Our questions were as follows:

  1. What proportion of children in a cohort referred for an autism assessment had evidence of likely associated neurodivergences in addition to autism?
  2. What proportion of children referred for an autism assessment received a diagnosis of autism, and what proportion were further investigated for another neurotype?

Methods

Following Medical Research Council Guidelines, and discussion with NHS Research and Development colleagues, ethical approval was not required. The study was deemed a service evaluation of anonymised medical records of children who had been referred for clinical purposes. Caldicott Guardian approval for case note review was received.

Data was collected over a 6-month period in 2020 as part of clinical assessment. Participants included all children aged between two years and 17 years (n = 114) who were referred to the previous autism service but had yet to be seen at the time of its disbandment. All participants had been referred with the primary clinical question of whether they met criteria for a DSM-5 diagnosis of autism, yet were seen clinically in the newly established neurodevelopmental service which aimed to assess a range of neurotypes in addition to autism.

As part of standard clinical assessment, parents or carers were asked to complete the ‘Five to Fifteen’ (FTF) [19] or ‘Five to Fifteen–Toddler’ (FTF-T) [20] assessment questionnaire. In addition to these questionnaires, each parent or carer completed a comprehensive developmental history and each child had at least one face-to-face clinical assessment session with an experienced practitioner. This clinical assessment process was in line with national guidelines [21].

The FTF and FTF-T questionnaires are validated questionnaires [2225] which ask parents about symptoms of all neurodivergences included under the ESSENCE umbrella, as well as highlighting a child’s specific strengths and weaknesses within different domains [26]. While the FTF and FTF-T questionnaires are similar, they contain different questions to represent the stages of development within each age group (two to five years and five to 17 years). Both questionnaires are composed of ten sections which focus on different areas of development.
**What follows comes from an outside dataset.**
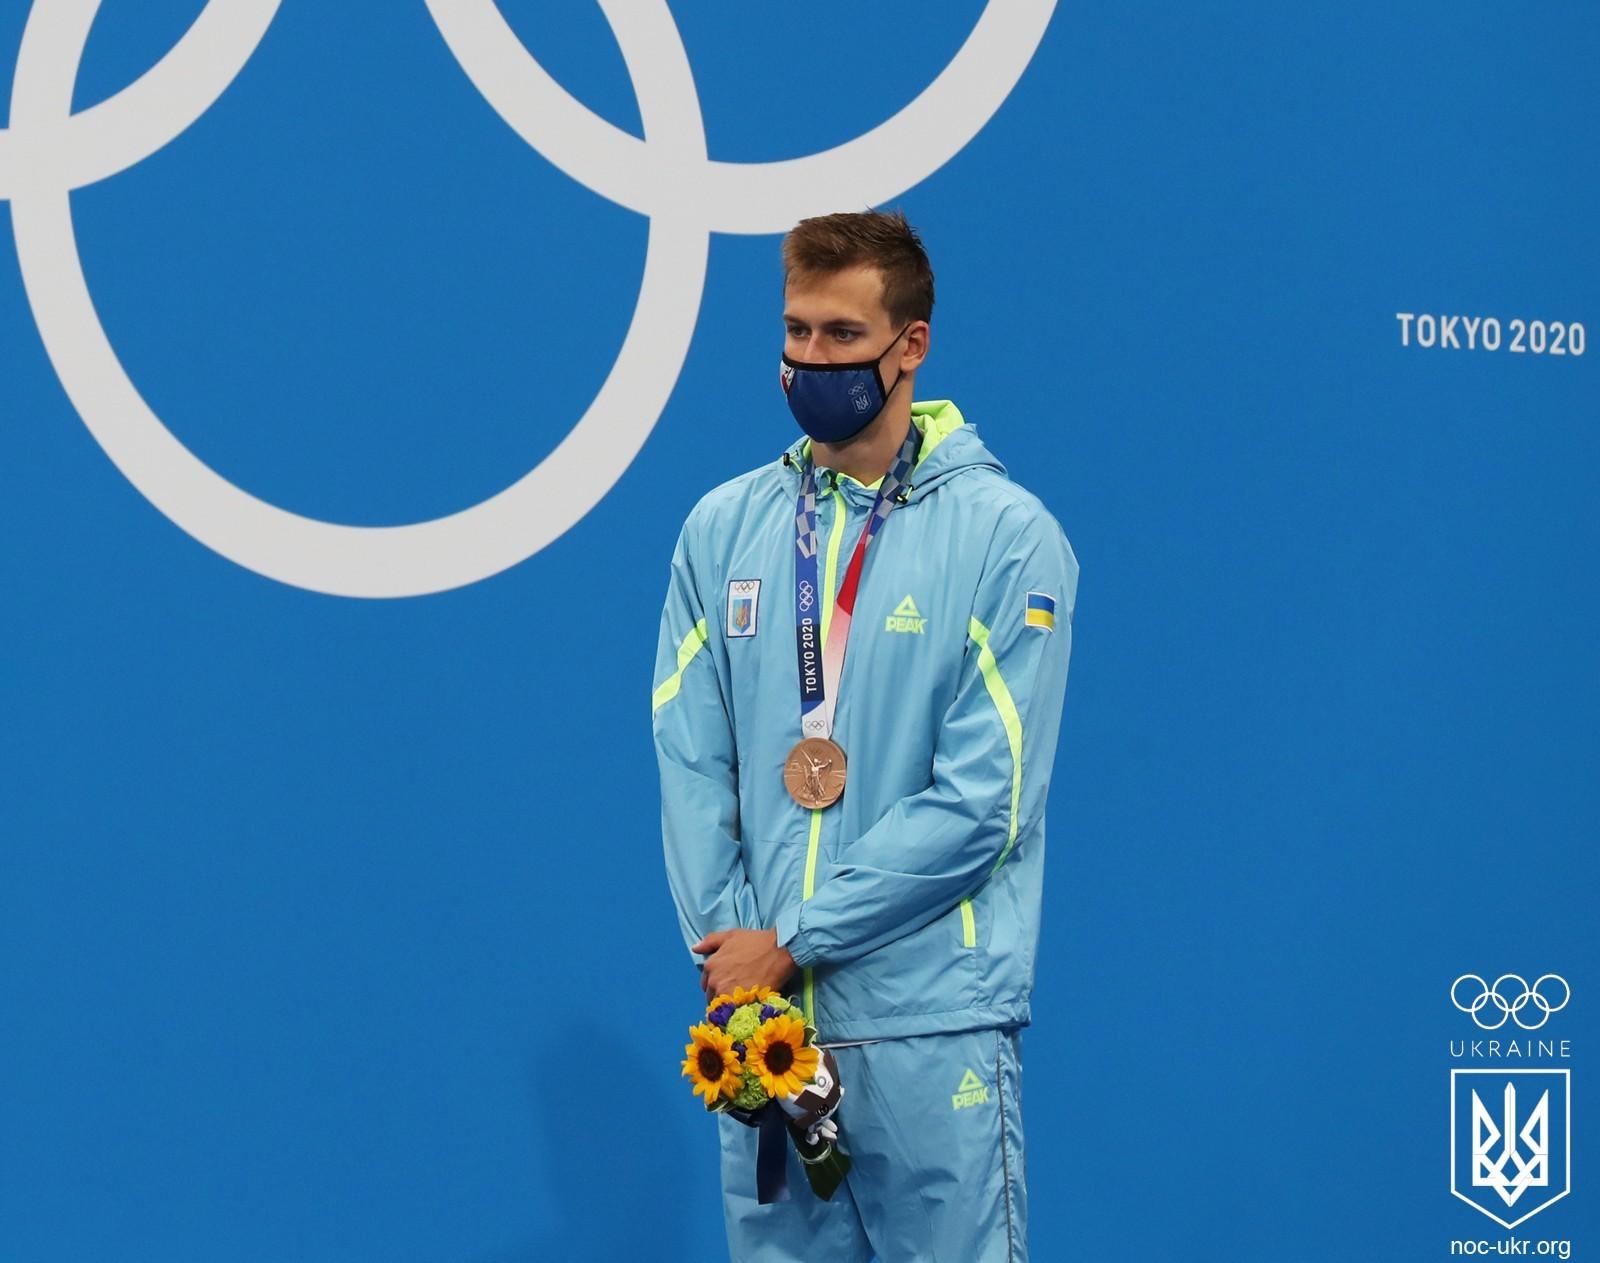 Олімпійські ігри з Юрієм Турянським. День 7-й. Перша медаль за 17 років

The FTF and FTF-T questionnaires were not originally created with a scoring system and are based on symptoms and functional criteria rather than diagnostic criteria. These questionnaires had been introduced into routine clinical practice within the new neurodevelopmental service. In order to conduct this evaluation, a weighted scoring system was developed, with permission of the questionnaire authors (see below, in Results), to indicate the degree of impact recorded in each neurodevelopmental domain.
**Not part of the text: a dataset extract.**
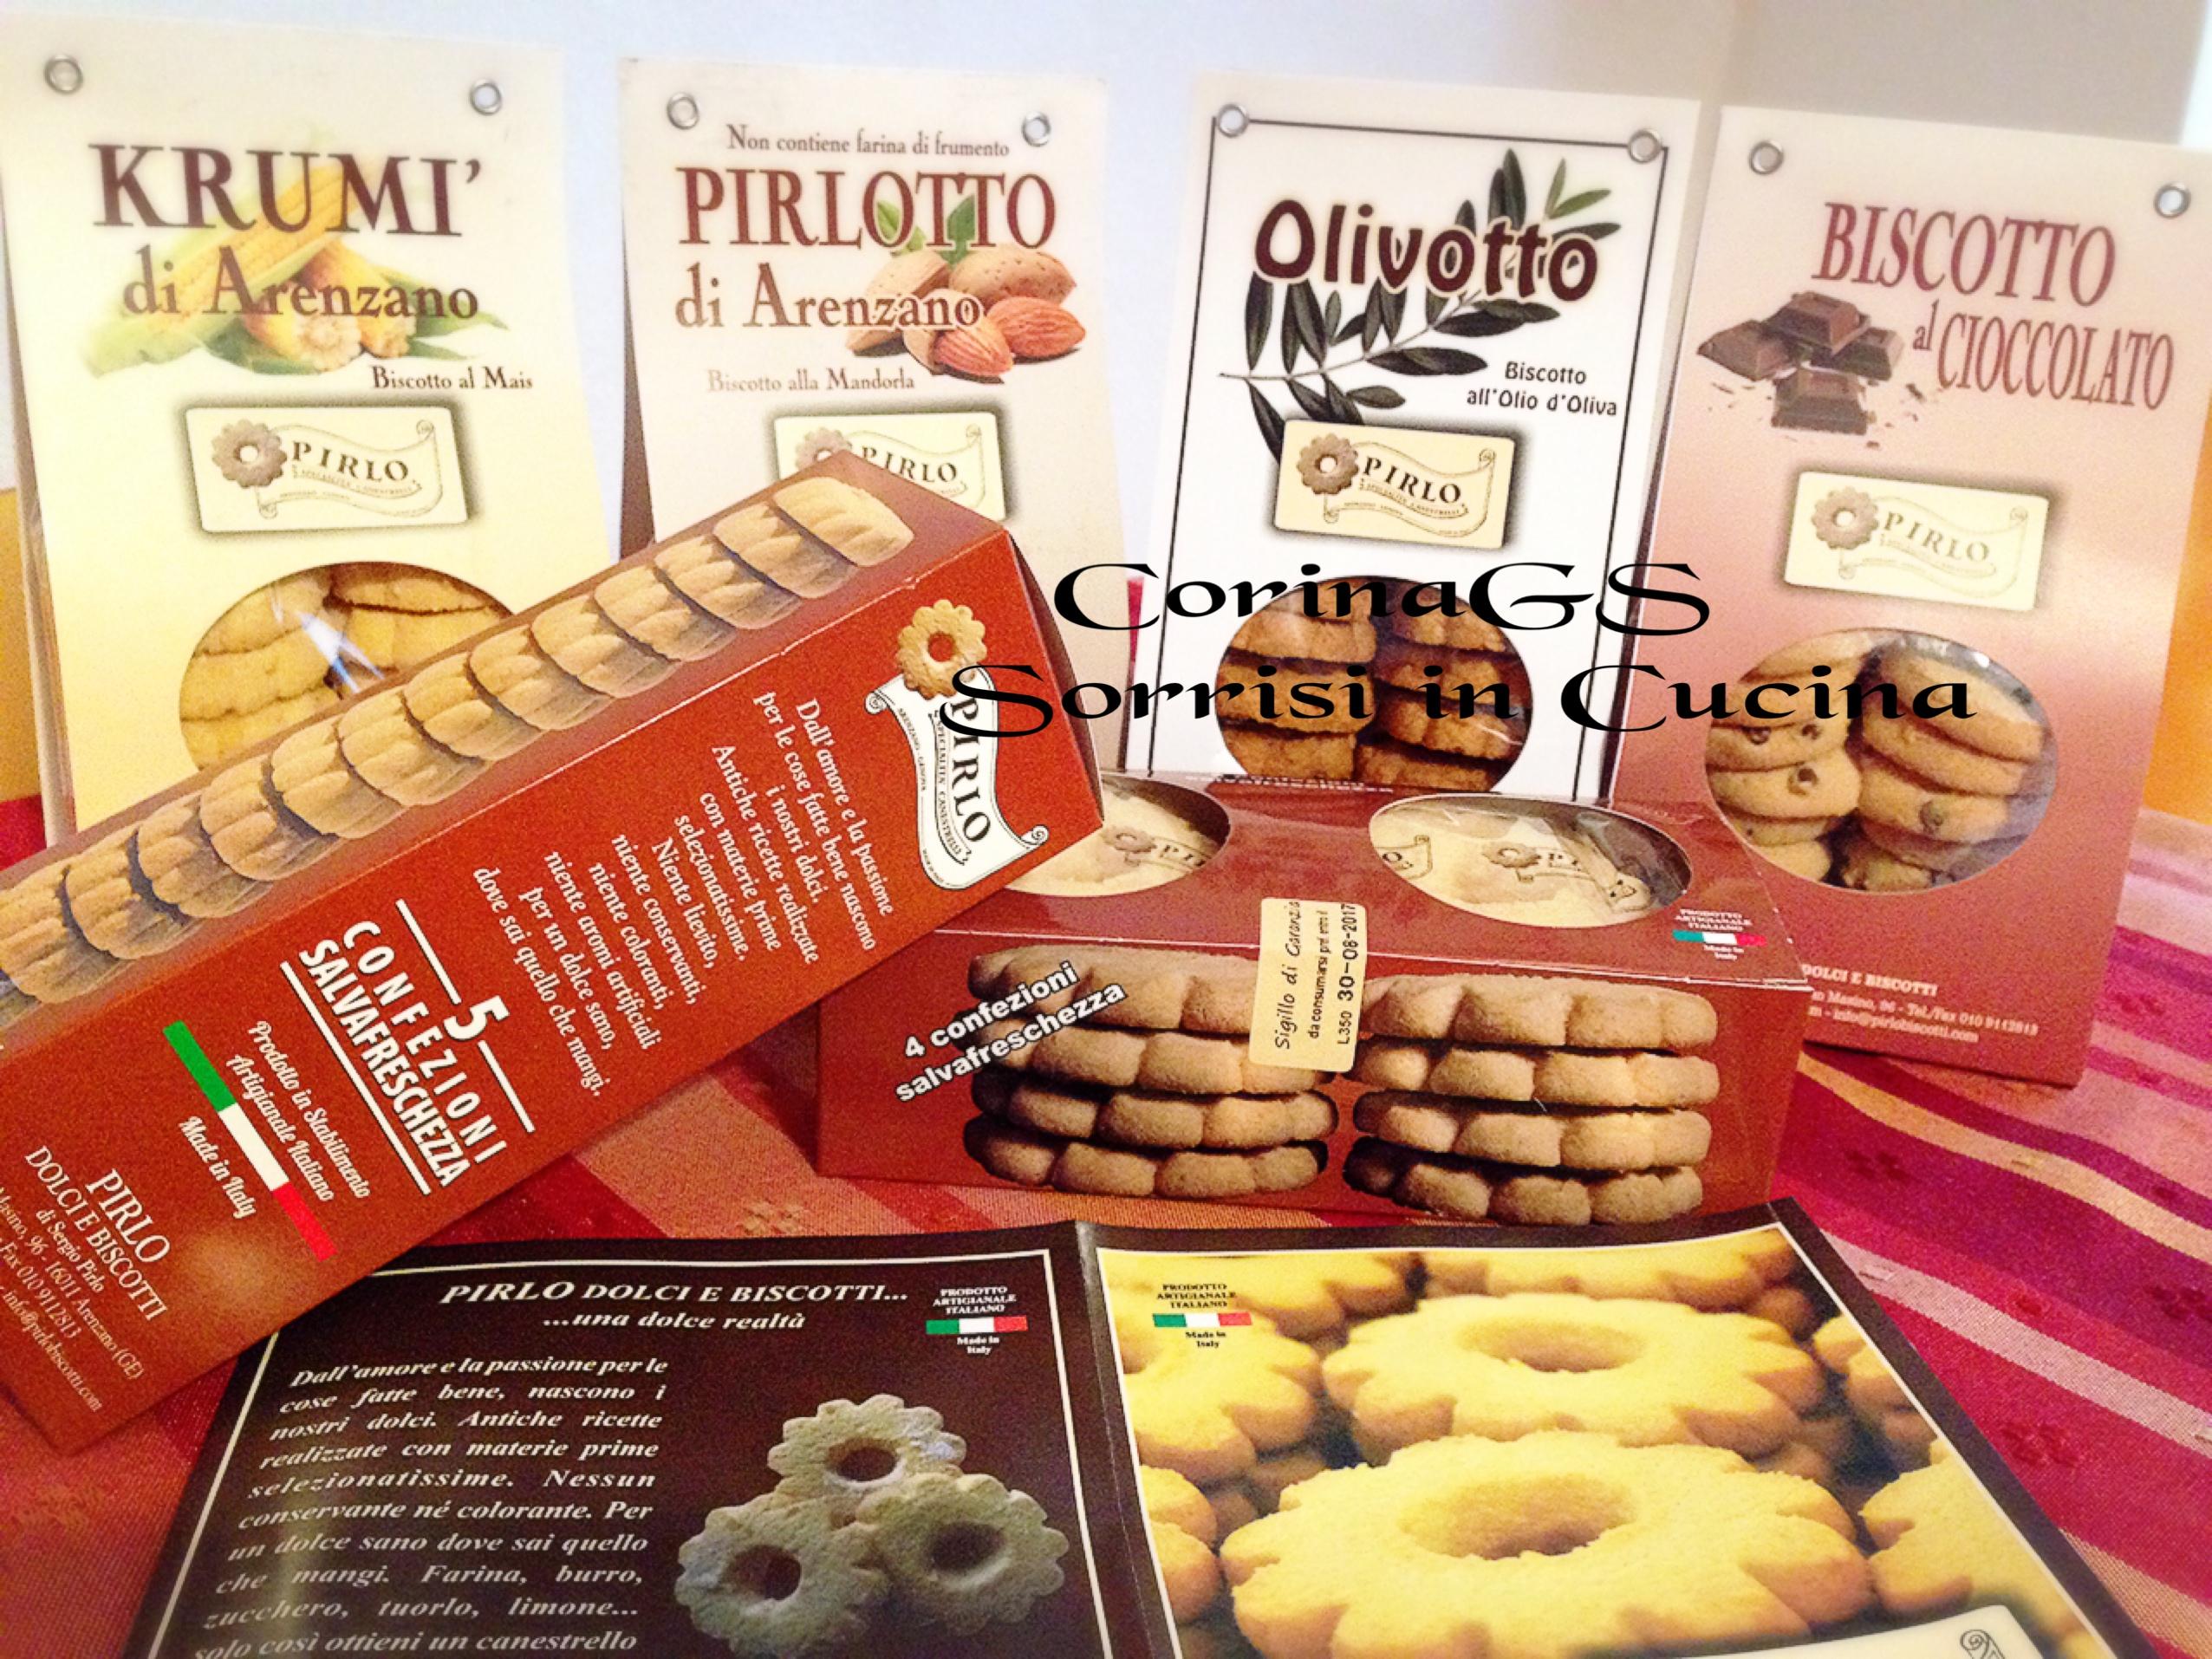 Biscotti Pirlo Dolcezze genuine e fresche CorinaGS

To examine neurodivergent traits in addition to autism, we focussed on three additional domains encompassing common neurotypes: attention/ activity levels, motor development, and learning, since the DSM-5 diagnoses most closely corresponding to these neurotypes, ADHD, DCD and ID, have previously been found to be associated with autism [17].

Cases were split into three age groups: two-five years; five to eight years; and eight to 17 years. The demographic data for each case was entered into one of three data collection tools based on age group. Questionnaire scores were also entered, allowing scores for each developmental domain to be calculated.
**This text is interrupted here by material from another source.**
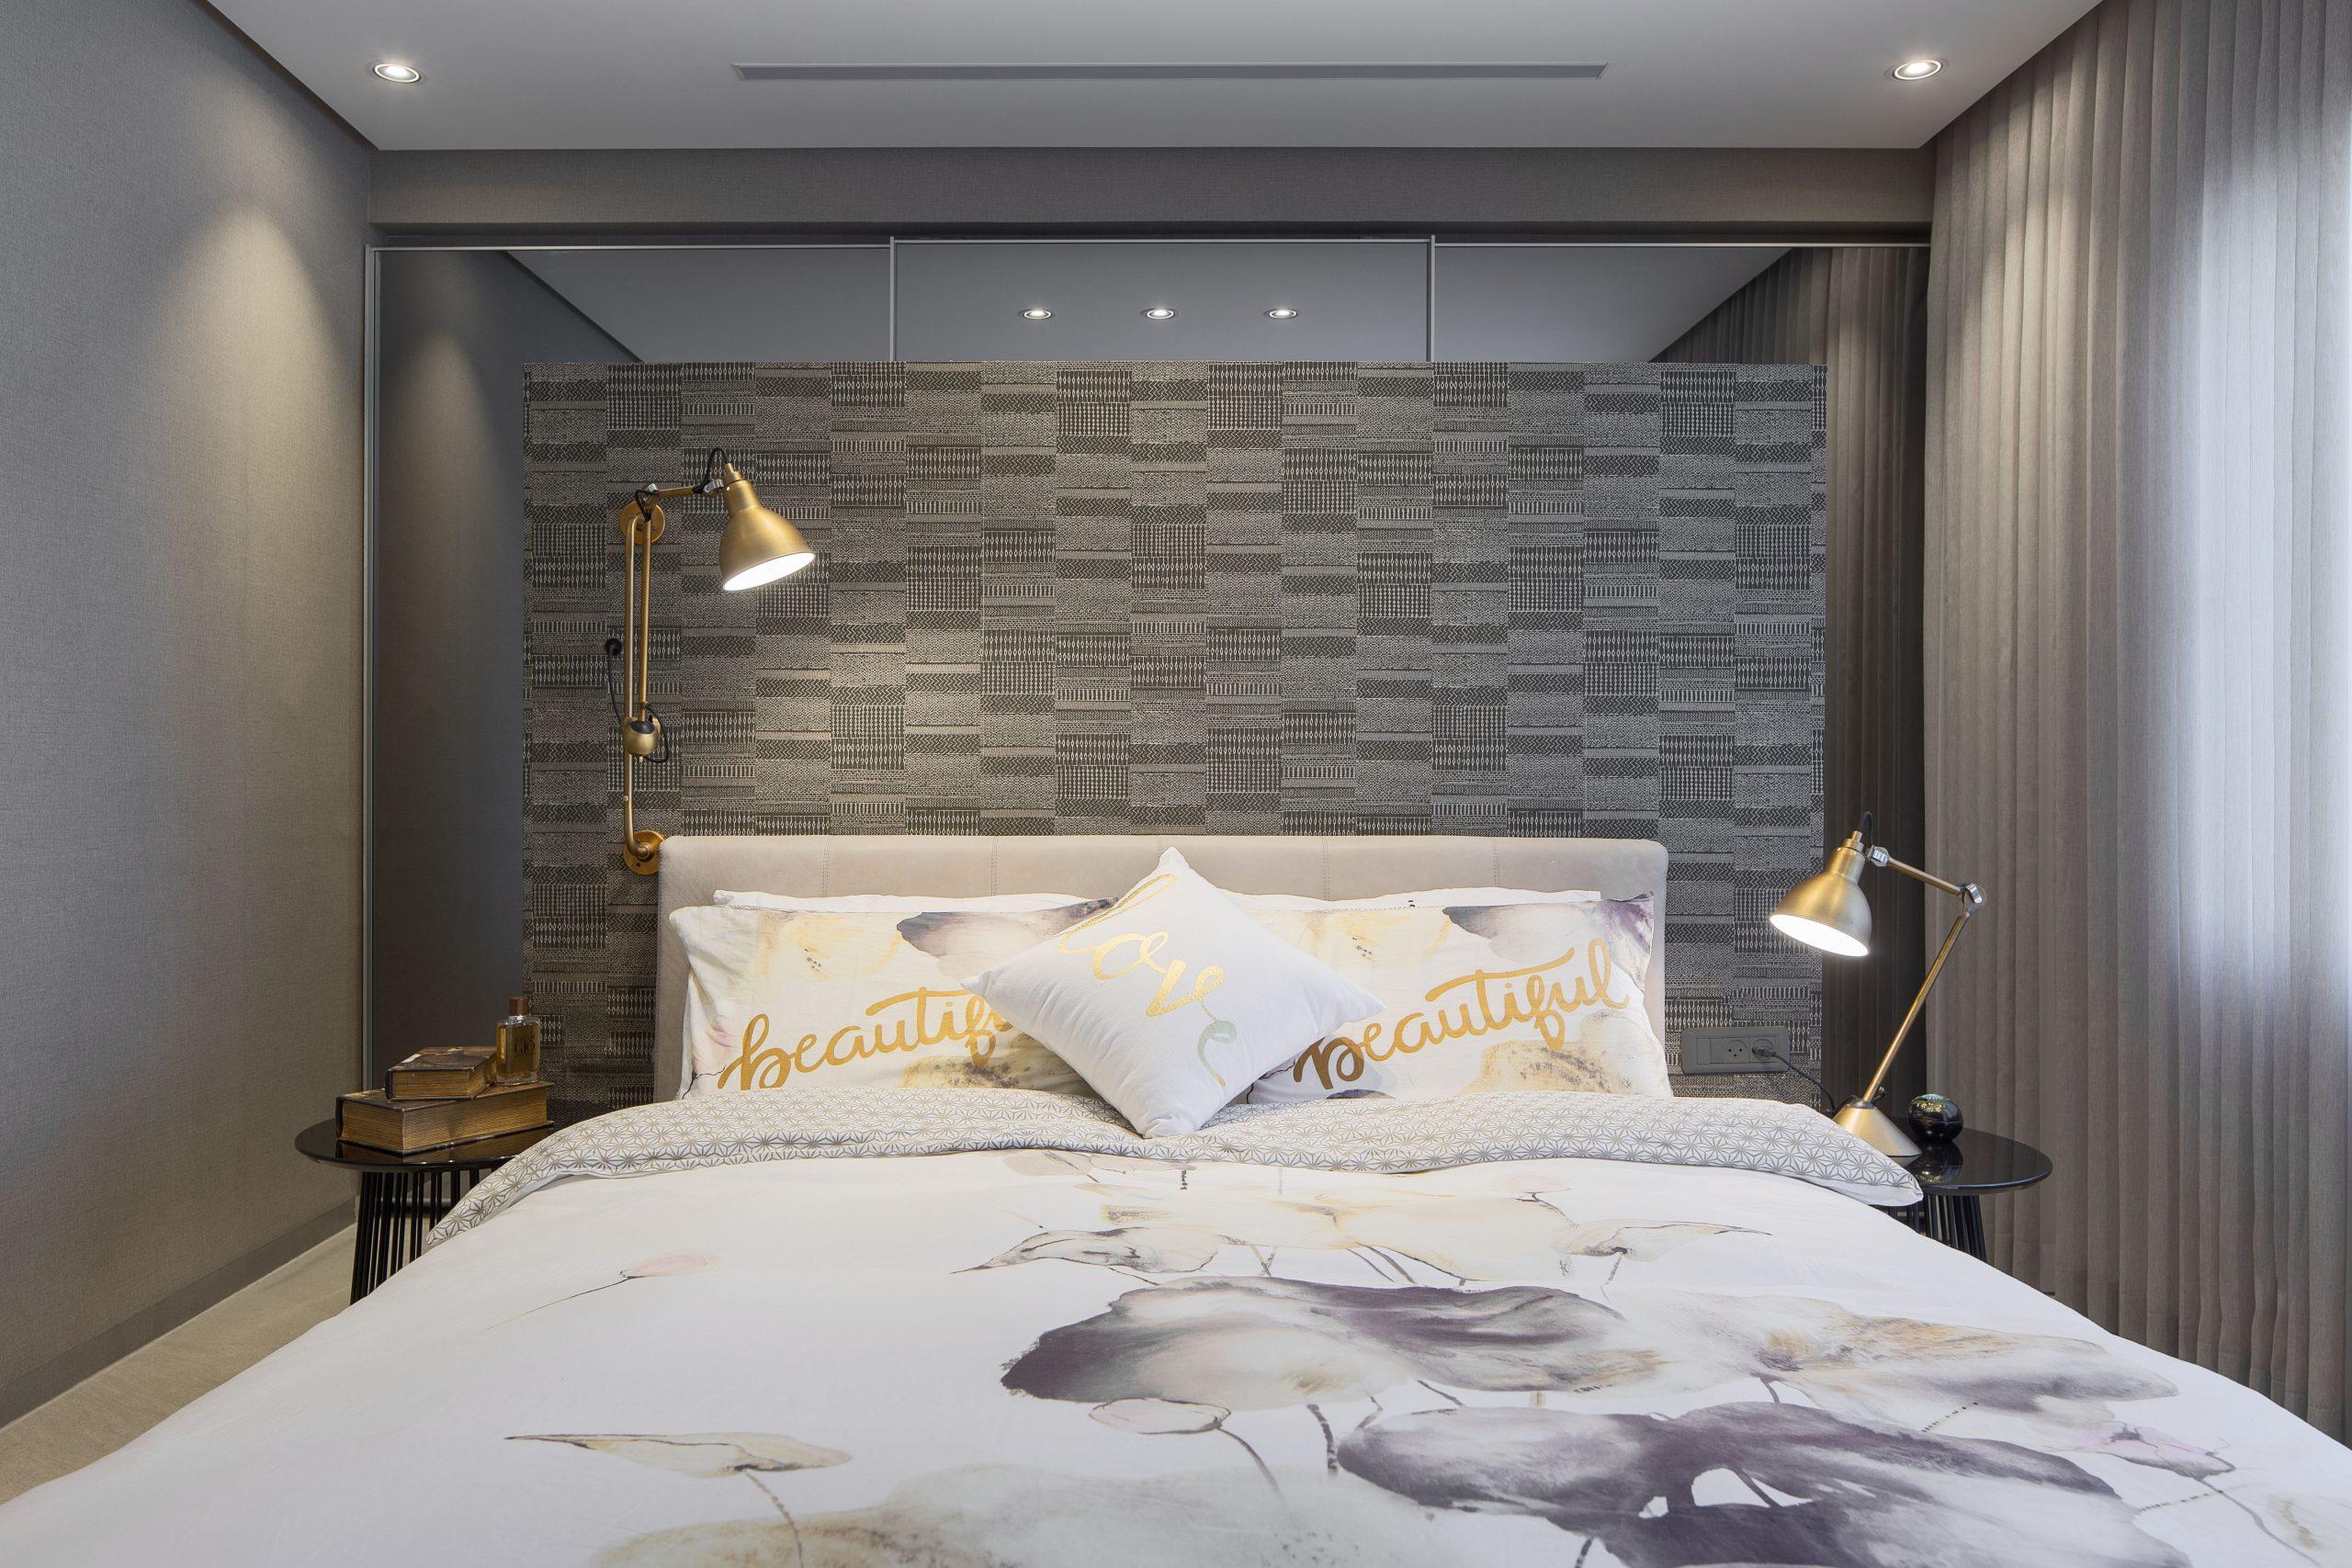 תאורה מעוצבת לחדר שינה

Relevant questionnaire items were combined to produce domain scores. for the ADHD-like domains, items from the following questionnaire sections, ‘Attention and concentration, Planning and organisation’, ‘Overactivity and impulsivity’, and ‘Memory’, were combined. The “Gross and fine motor skills’ section was used to produce the motor domain scores. The ‘Learning/Acquisition of academic skills’ section was used to produce the s learning domain scores. Learning/Academic domains could only be analysed in the two to five and eight to 17 age groups as the questionnaires did not include a learning section for the five-eight age group.

For each domain, a weighted score was calculated by taking the child’s domain score and multiplying this by the functional impairment score for that domain. This was then standardised by dividing by the maximum domain score. The median and mean weighted scores of the whole cohort who completed the questionnaires, and for children with completed questionnaires and diagnosed autism, were recorded for each of the three additional domains of interest.

A questionnaire score above the median for the whole cohort was taken to indicate the likely presence of traits of an additional neurotype. As noted above, while the presence of such traits does not necessarily indicate an additional diagnosis, application of the scoring method described ensured that both the presence and impact of traits within each additional domain was accounted for.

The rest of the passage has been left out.